Task:
Without pictures, output exactly the lines running from the line containing "Papelgo casino portalı" to the end of the listing below.

Recorded information:
_ _ _ _

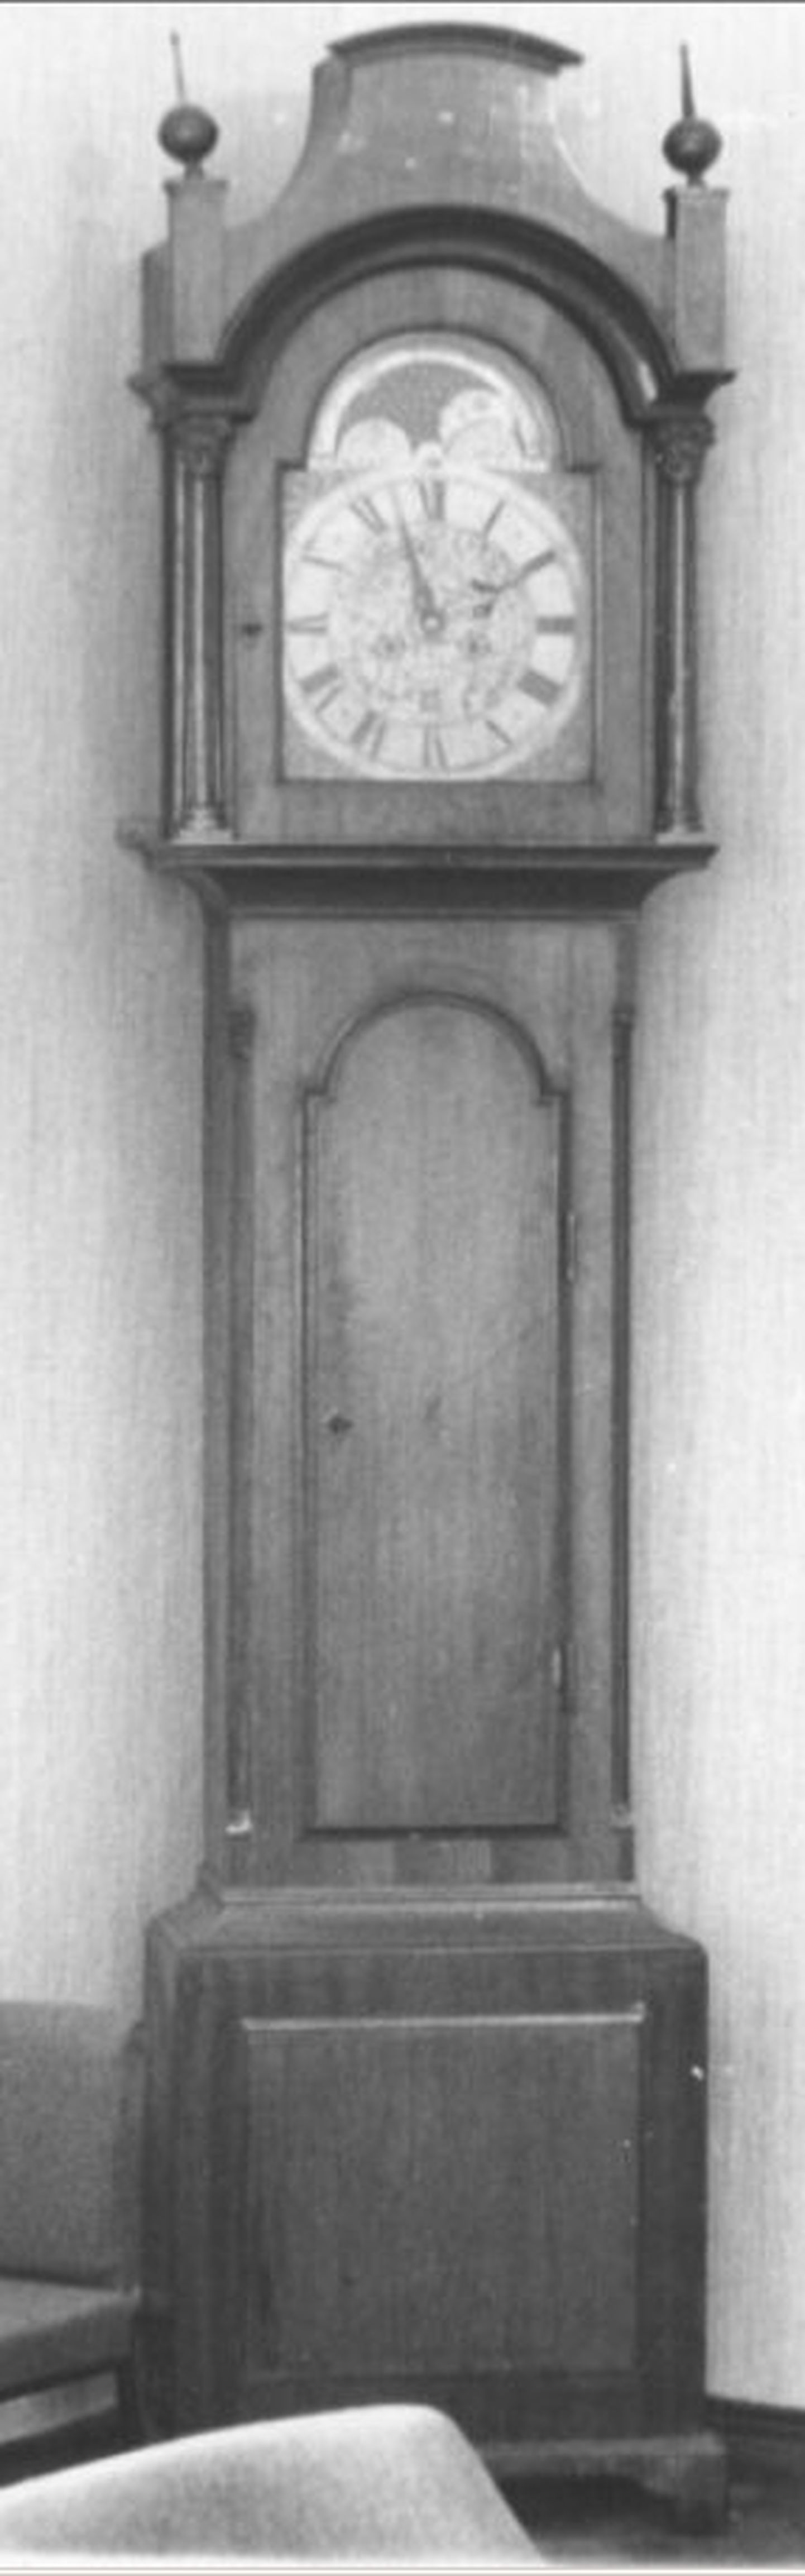 Põrandakell, Inglise töö, 18. sajand (puu, metall), kunstimälestis, arvel 20. juunist 1995, asukoht tuvastamata.
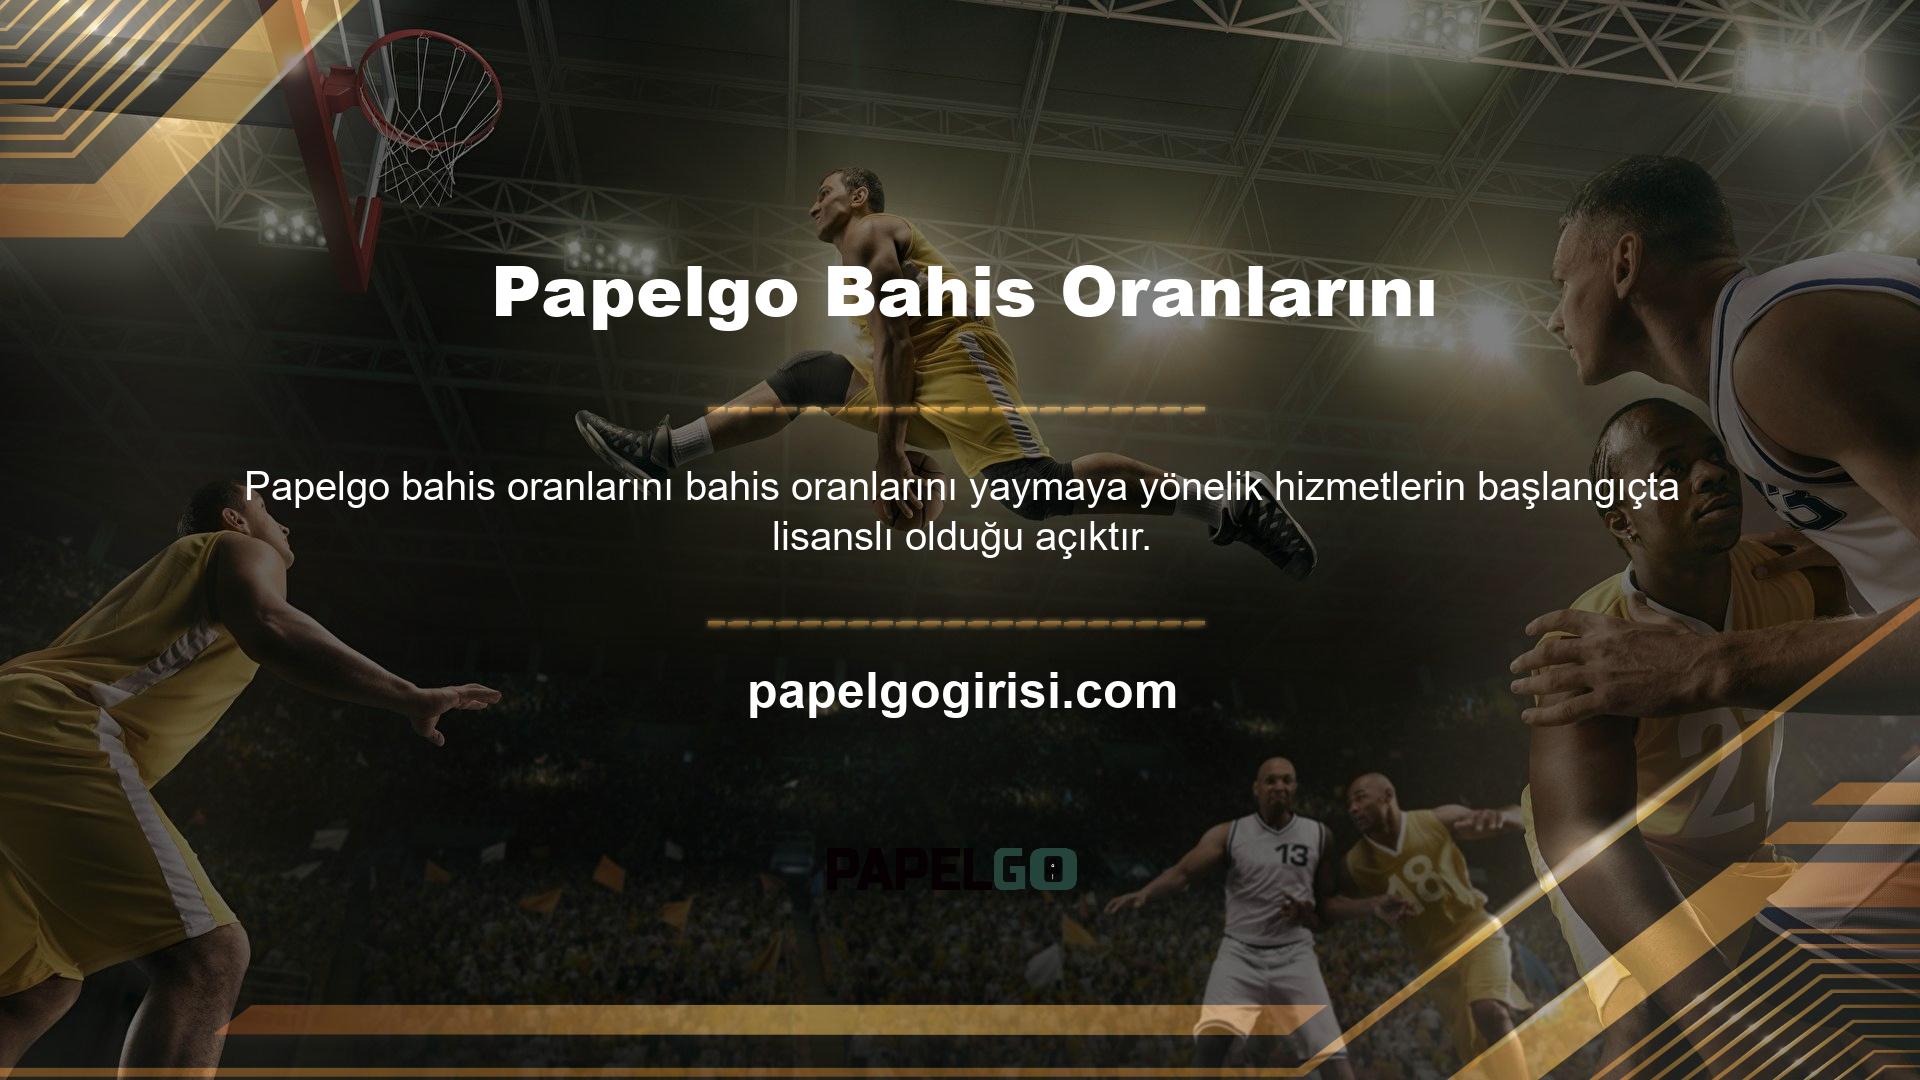 Papelgo casino portalı İngilizce ve Almanca gibi dil gruplarında da Türkçe bahis seçenekleri sunmaktadır
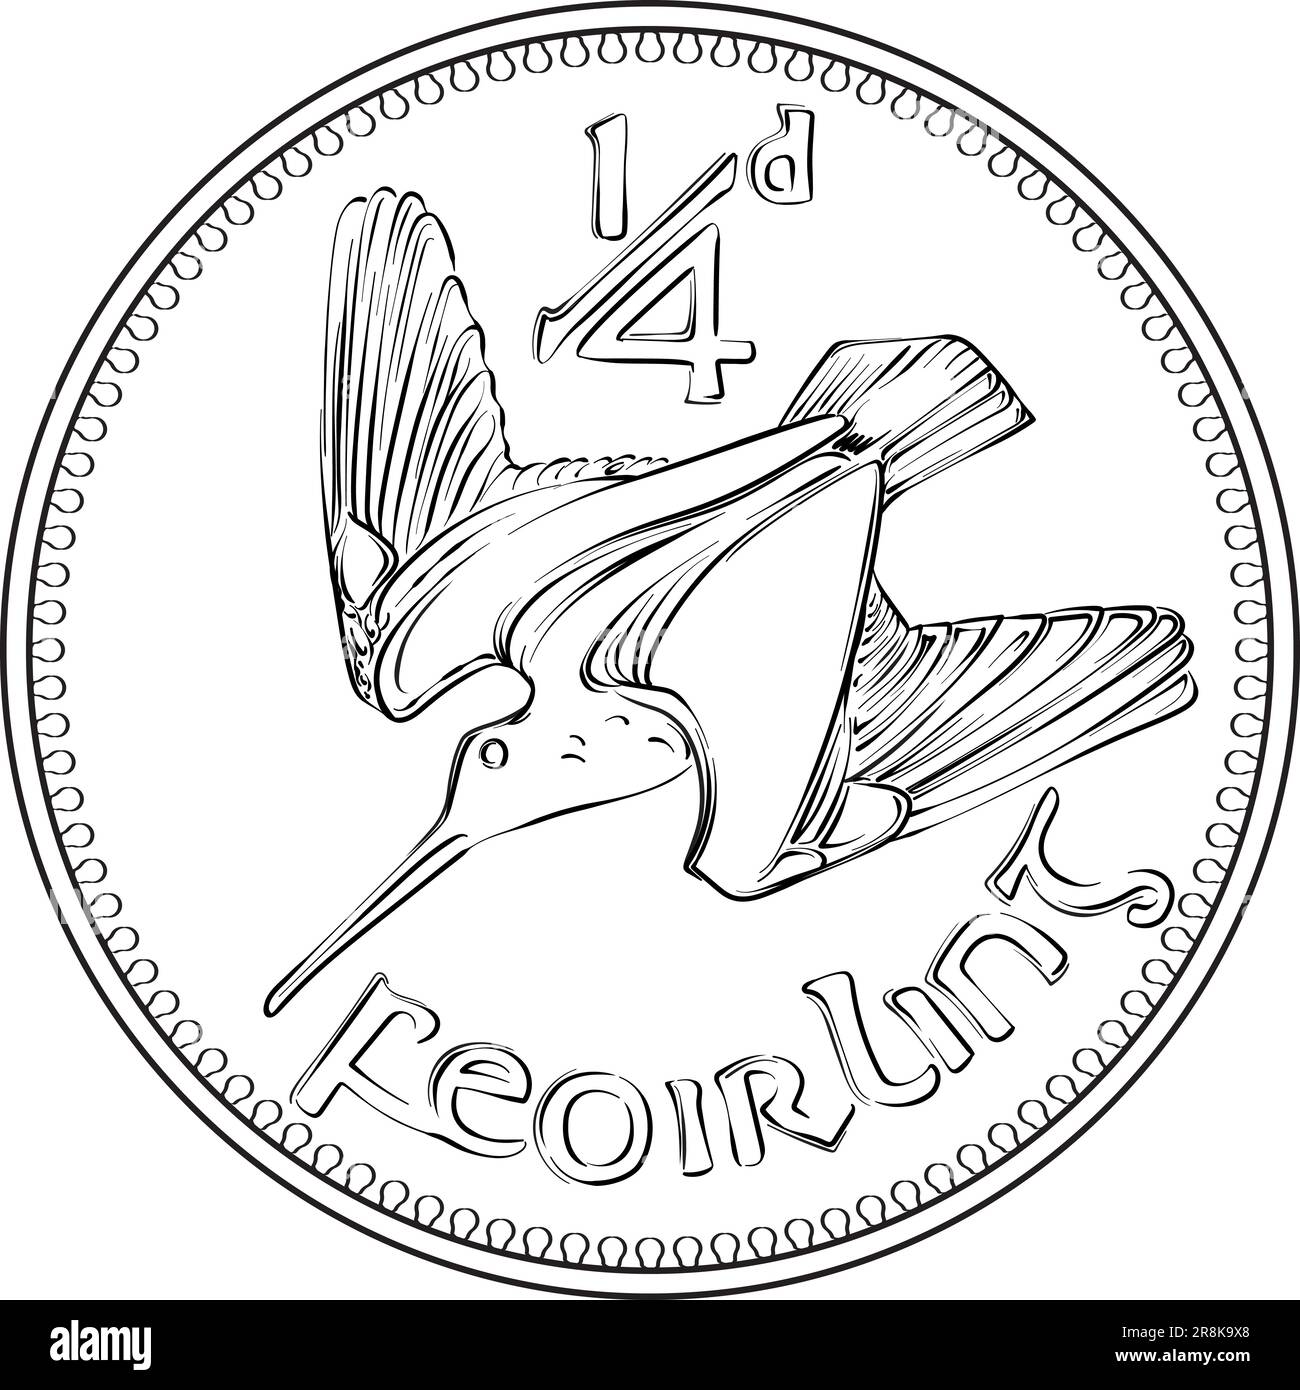 Irish Money la pièce d'or pré-décimale Farthing avec woodcock au verso. Image en noir et blanc Illustration de Vecteur

_ _ _ _

Task result:
 Papelgo casino portalı İngilizce ve Almanca gibi dil gruplarında da Türkçe bahis seçenekleri sunmaktadır
 Irish Money la pièce d'or pré-décimale Farthing avec woodcock au verso. Image en noir et blanc Illustration de Vecteur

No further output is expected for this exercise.